Trading by Affected Persons, Generally
Affected Persons are strictly prohibited from trading on material non-public information concerning the Company, its business and results of operations (hereinafter sometimes “inside information”).
Blackout Periods
In furtherance of this policy, the Company shall designate periods during which the Company’s executive officers and the Company itself may be deemed to be in possession of material non-public information concerning the Company and accordingly during which trading by such persons in the Company’s securities shall be prohibited (“closed trading periods”). Periods outside of such closed trading periods shall be deemed to be open trading periods during which the Company’s executive officers and the Company may trade in the Company’s securities.
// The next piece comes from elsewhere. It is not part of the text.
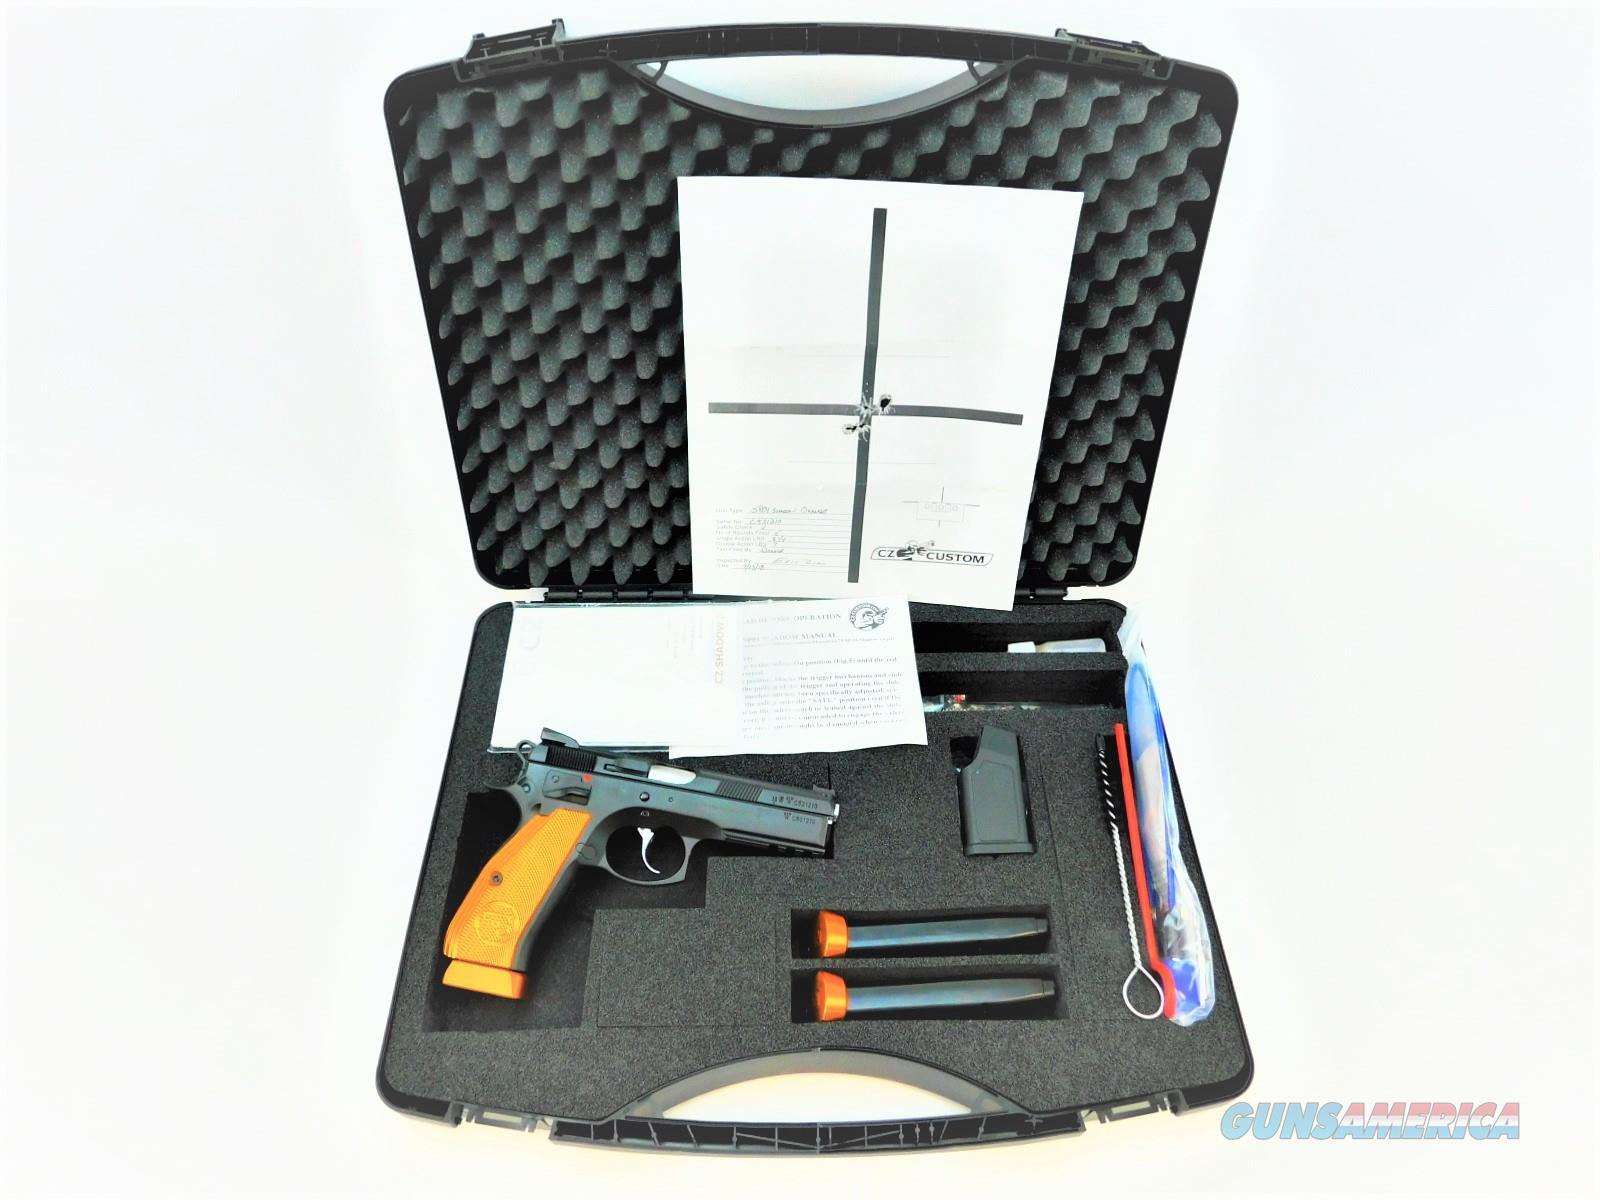 CZ-USA CZ CUSTOM SHOP 75 SP-01 SHADOW ORANGE 9MM LUGER SKU: 91764  Guns > Pistols > CZ Pistols

Affected Persons shall be permitted to trade in the Company’s securities during open trading periods, generally, unless the Committee determines that there is a risk that such persons may be in possession of material non- public information, or that material information exists that has not yet been made public.
10b5-1 Plans
All trading plans adopted and implemented pursuant to Rule 10b5-1 by Affected Persons (“10b5-1 Plans”) shall be reviewed and approved by the Committee. Such plans shall be adopted at a time when the relevant parties are not in possession of material, non-public information concerning the Company, its business and its results of operations. Unless the Committee
determines that the affected plan does not pose a risk of trading on inside information, no 10b5-1 Plan may be adopted or implemented during a closed trading period.
Granting of Options
Option awards to Affected Parties shall generally not be made during closed trading periods or otherwise when the Company is in possession of material non-public information. Exceptions may be made if the Committee determines, because of the structure of the option (strike price, performance target, if applicable, or required holding period) that the value of the option to the optionee at the time of grant will not be materially affected by publication of the inside information.
Compliance with Relevant Rules
The Company shall comply with all Section 16 reporting requirements relevant to trading in Company securities by Affected Persons as well as with all relevant disclosure requirements concerning these matters.